I can see why you would want to do it, I just don’t see Ex and Su enabling this sort of play.

Take your example. There isn’t a fighter ability that permits you to leap 40’ and attack. You could fall back on the Jumping rules to argue that with a sufficiently high Athletics check, you should be able to make a 40’ leap. But the Jumping rules apply to everyone, so they are tagged Mundane.

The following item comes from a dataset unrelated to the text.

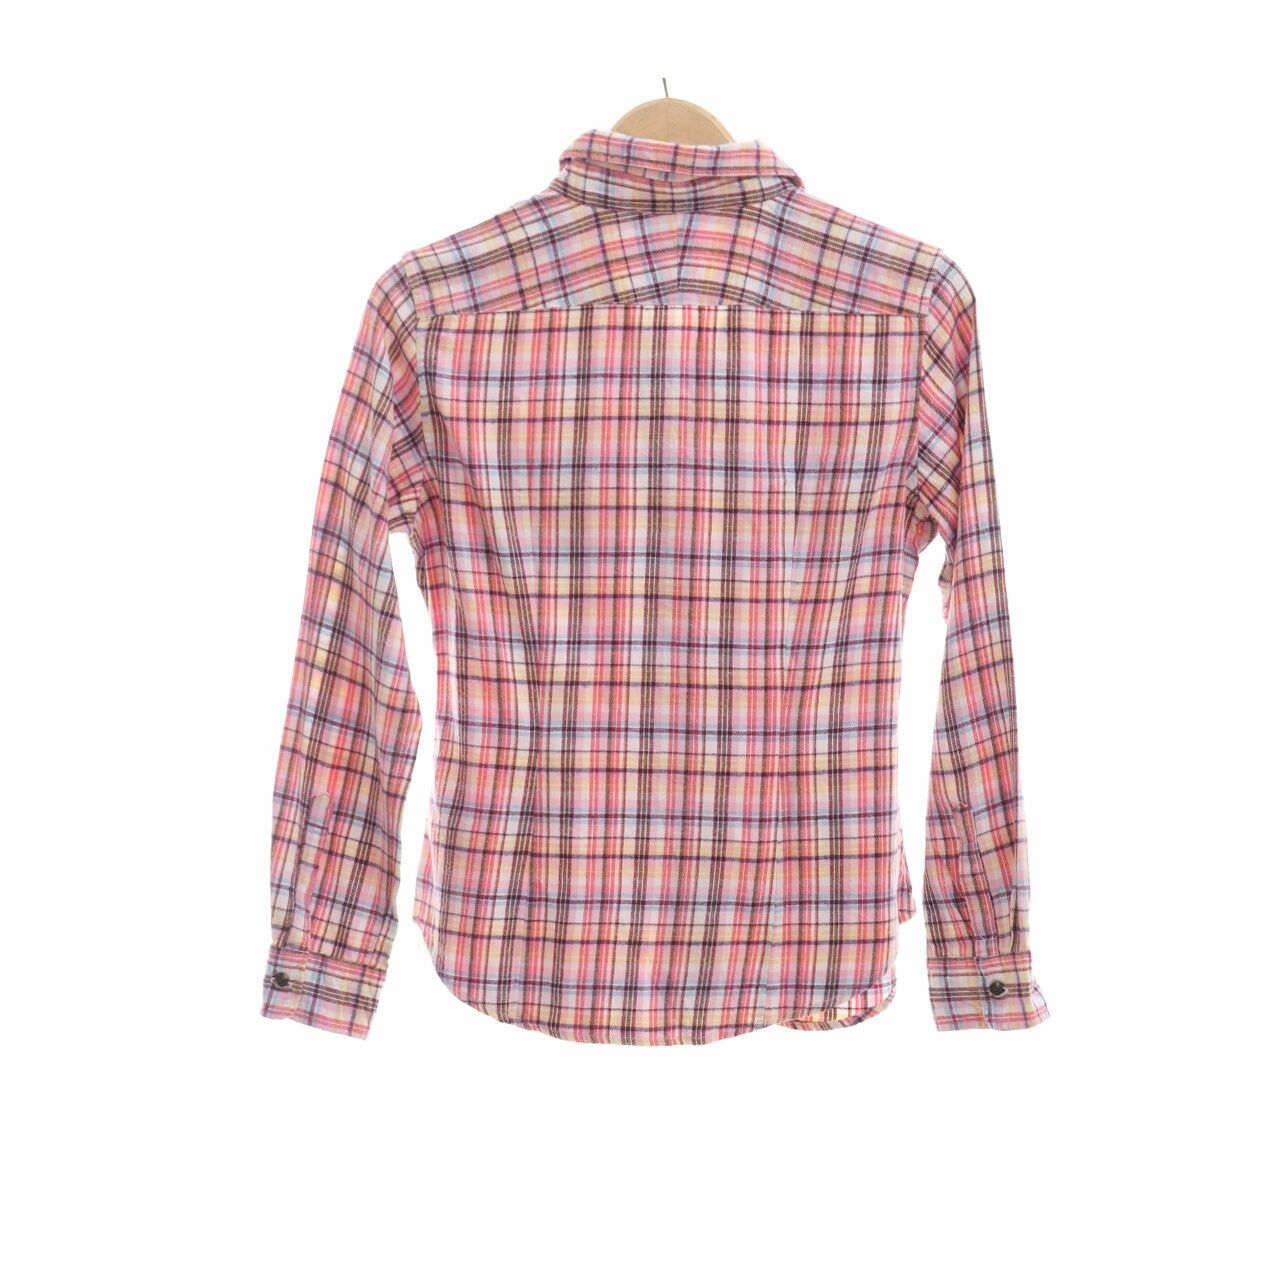 UNIQLO Pink & Multi Plaid Shirt

So either way, it just comes down to the DM. Meanwhile, at the next table over, the player’s fighter is Mr. Mundane (by which I mean, he’s just a regular farmboy who’s strong and good at wielding a scythe), but has no trouble clearing the leap because D&D is a game of heroic fantasy. That’s what it says right on the cover and several times in the book.
 

Remathilis

Legend
People don’t want to play npc classes, they want to play mundane non-powered heroes who still do extraordinary feats of strength, skill and heroism on the level of all the rest of the classes and not get told ‘oh 10th level, better join team magic now cause skill wont cut it from here’ because that is what those class’s fantasies are.

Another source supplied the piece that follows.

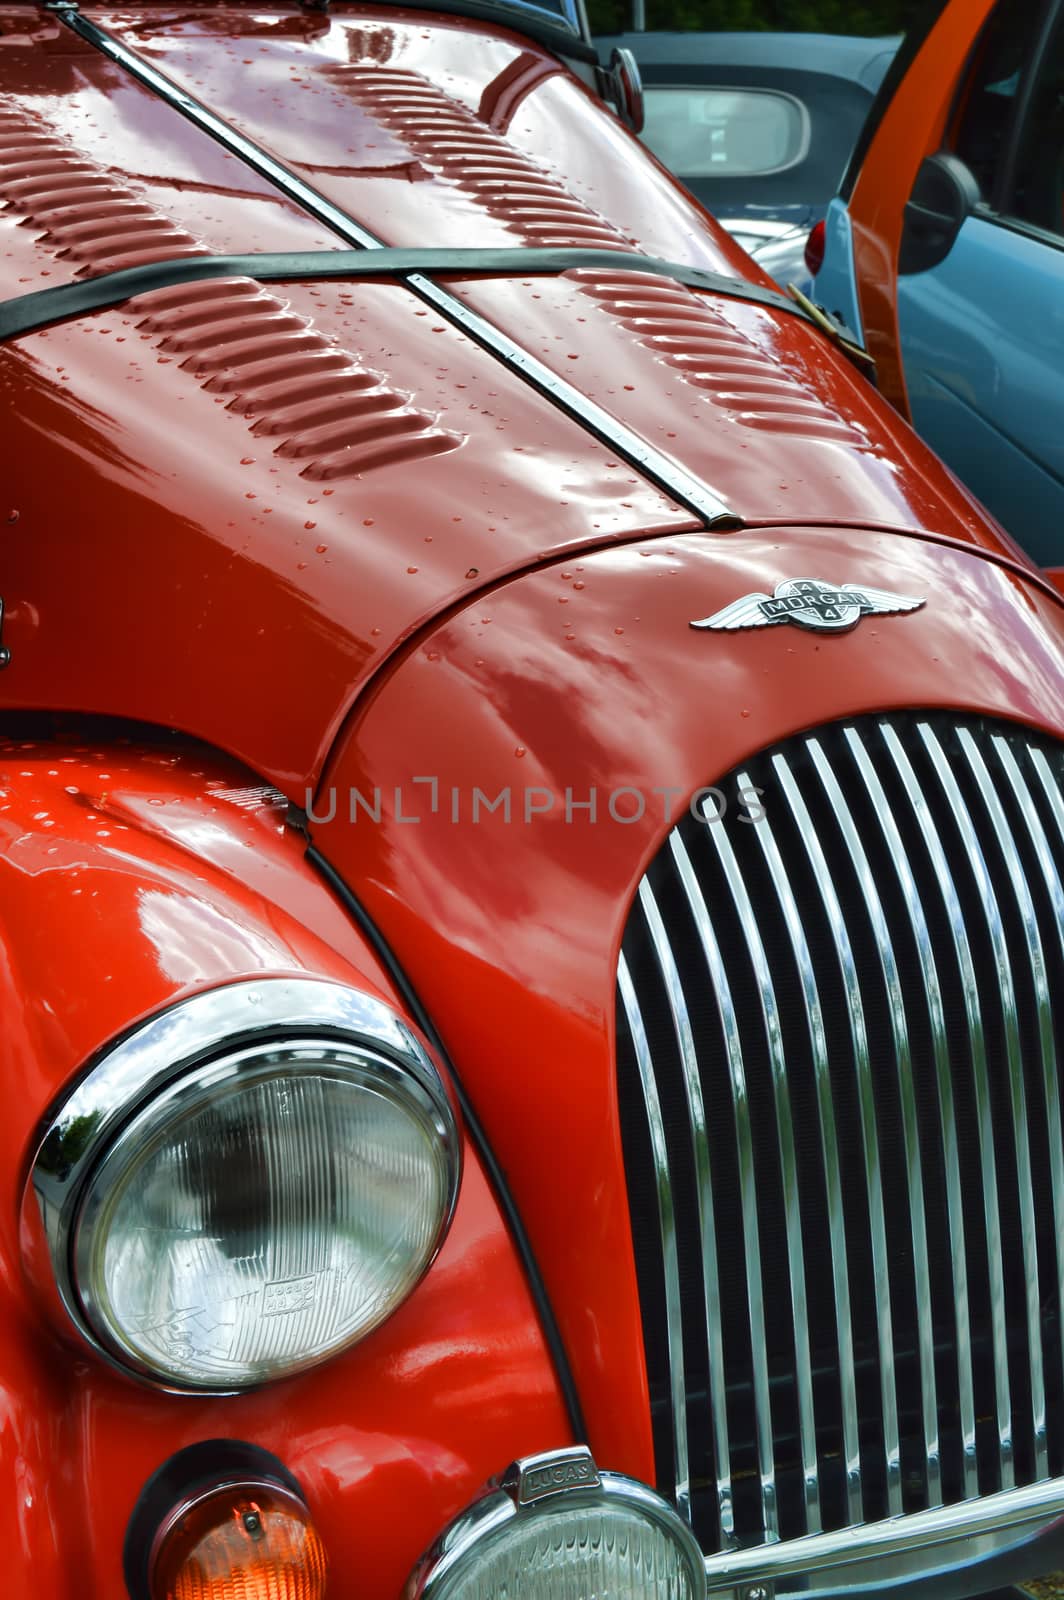 a red morgan 4/4 classic car
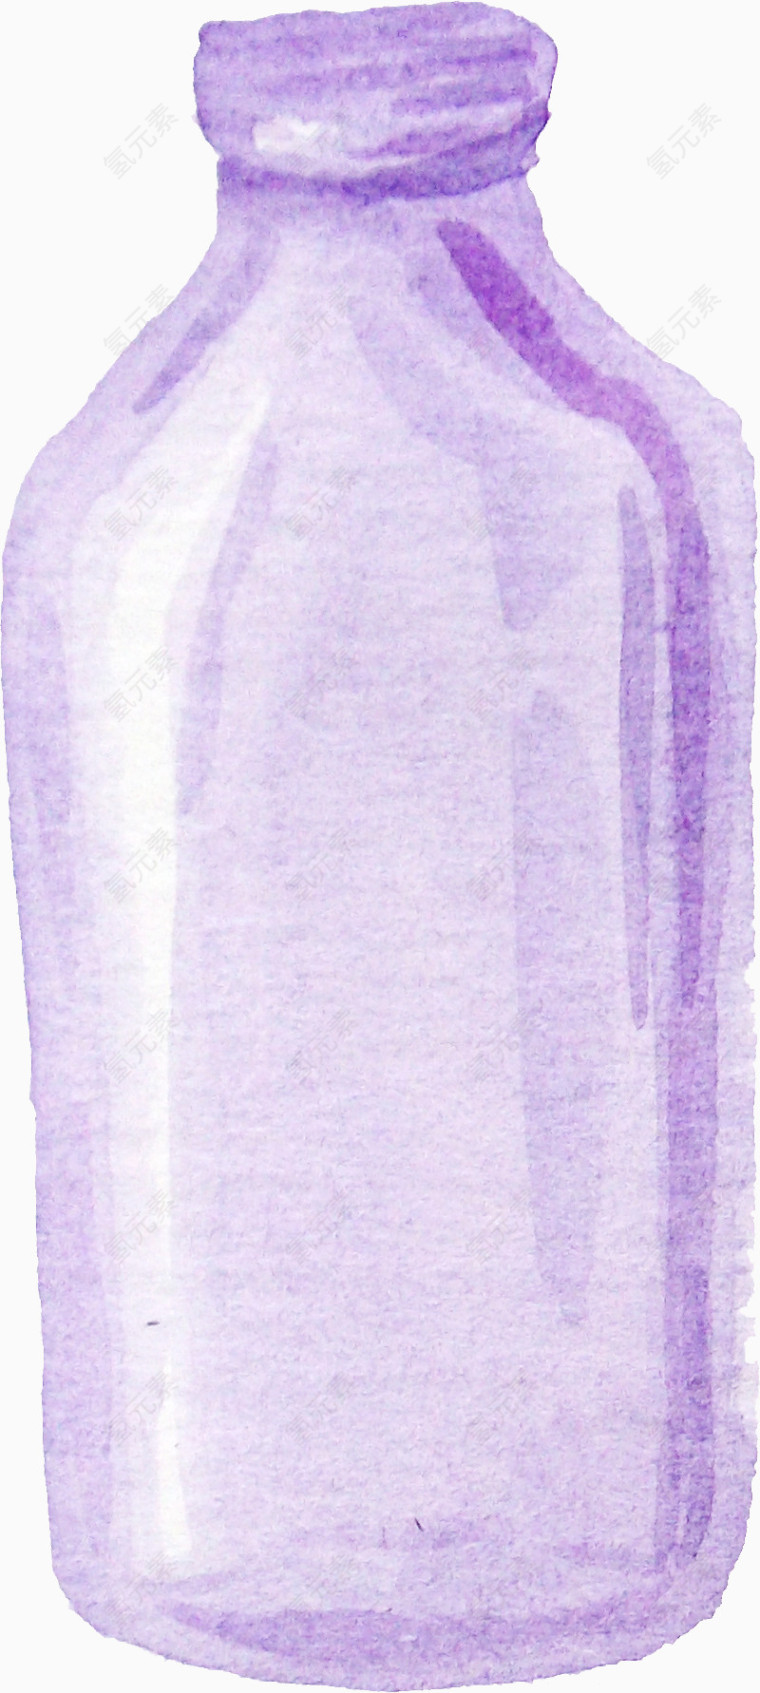 水粉手绘紫色可爱玻璃瓶

It’s really not that difficult a concept to grasp is it?
The Internet ate my well crafted response, so I'll just sum it up here:

You can't be a mundane hero in a game where 80% of your allies and enemies are not mundane. Eventually, you fall behind. And when you do, you start to rely on magic as a crutch. There is functionally little difference with a fighter who has a flame tongue sword, adamantine armor, and boots of flying and a dragon knight who has hardened scales, coats his blade in dragonfire, and manifests wings except the former was gotten out of a box of DM charity and the latter is a part of the characters identity and abilities. There is no mundane fighter, only one who gets his power in loot boxes.

I'd rather that power be part of the class and since weakening casters is out of the question, let's give the warrior classes what they need to survive. And if that means all farmboys end up the heirs to a mystic tradition of magic knights, I can live with that.